Keep them out to keep safe

By Peter Farmer Published 3 years ago 7 min read

The tourists had barely reached the sand when we started picking them off.

Some of them fell as they tried to clamber out of the dinghies, struggling in the water, while others charged, powering through the surf as though being first would give them some kind of protection.

It didn’t.

We dispatched them all with the calm, practised rhythm of our training.

I could feel the sweat running down inside my helmet but I ignored it, squinting through the scope at the masked figures pouring off the boats. The tourists threw shapes in the air, then were gone, and when the last of them fell, the silence was abrupt.

I glanced at Paulie, but his eyes were front, staring at the horizon.

“Are we done?” I said.

Paulie didn’t respond.

“They’re all gone,” I said. “All of them.”

Still, Paulie stared straight ahead.

“Come on.” I stood and tried to brush the sand from me but it was impossible to get it all off, the grains clinging to every facet and wrinkle of my fatigues.

Paulie didn’t move and I grabbed him by the arm, pulling him up. Maybe he was just being vigilant, I told myself. In the training sometimes they’d throw in a few twitchers or one or two playing possum, just to make sure you were on your game, because if you weren’t… We called them tourists, but as the Master Sergeant said, opportunists might be a better word. You could never be sure whether one of them had a blade or a crowbar or even an IED. Whatever. Just don’t call them refugees. Refugees needed food, shelter, aid. Love. Not tourists.

“We nailed it,” I said, forcing a smile and clapping him on the back, and that seemed to do the trick. Paulie gave a sort of little gasp that might have been a laugh, and then it was as though he was waking from a trance. He gave a shake of his head and looked down at the AR-90 still held tightly in his hands and then produced another chuckle that was more discernible this time. As if he couldn’t quite believe what had just happened. I knew how he felt - it was the first time for both of us, but we’d done the training and I didn’t want to look green in front of him. Especially with the body cams.

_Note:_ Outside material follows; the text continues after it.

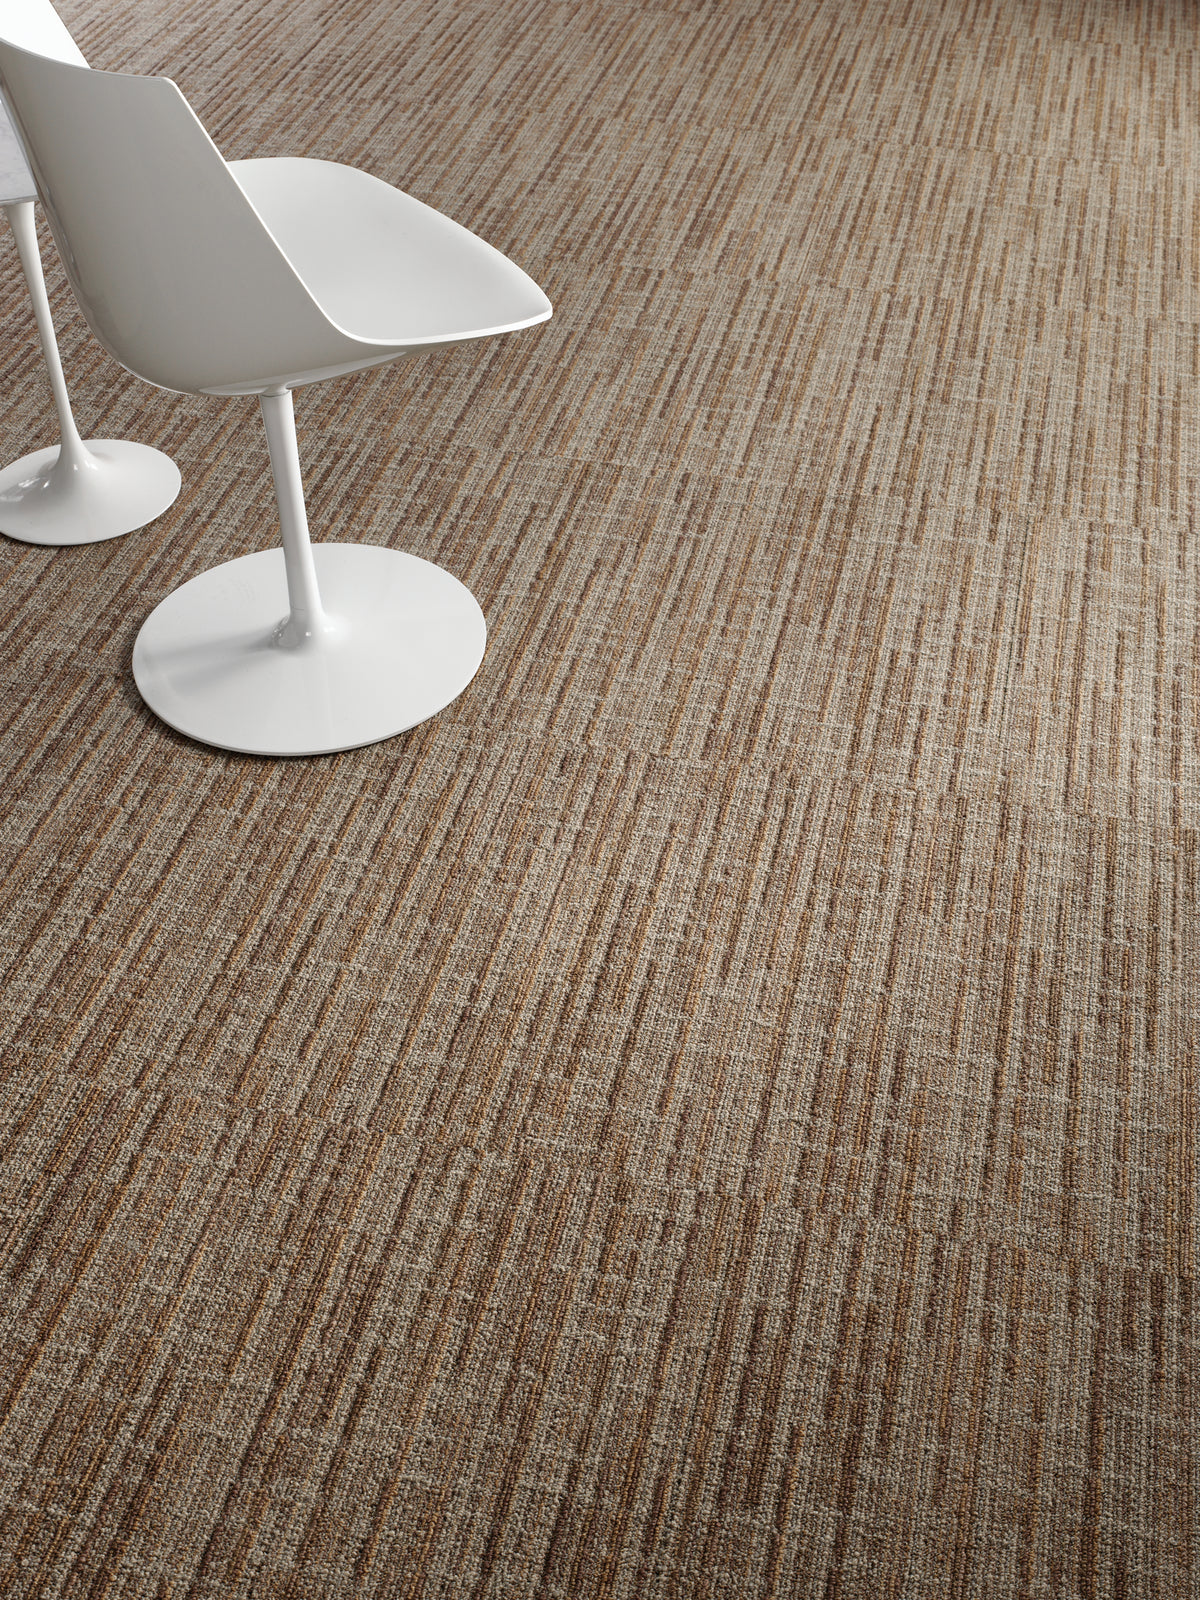 Mohawk Group - Mind Over Matter - Forward Vision - Commercial Carpet Tile - Workmanship

We clambered up on top of the dune and surveyed the bay. It was a neat little horseshoe; no more than 7km across and shielded on both sides by steep cliffs and limestone rock formations, and for the next twelve months it was to be our patrol. There wasn’t much to it. The nearest town was a couple of clicks inland, a single strip of road with a pub and a convenience store, but they weren’t our concern, nor was the spattering of dwellings that supported them. No, our concern was in front of us, on the sliding blue-green patchwork of the sea. And the tourists.

I don’t know who first coined the term for the lost souls washing up on our shores, but as the world went to shit it helped us hate them. It was as though everything had just decided to give up all at once: the weather, the crops, the oceans. The people. We’d been chipping away at all of it for some time, of course, and suddenly it all came tumbling down. There was a brief moment of panic - a desperate frenzy - before marshal law took over. Nobody wanted chaos. We’d seen what was happening elsewhere. We were the lucky ones, but as catastrophe followed catastrophe the borders closed, and it became every man for himself.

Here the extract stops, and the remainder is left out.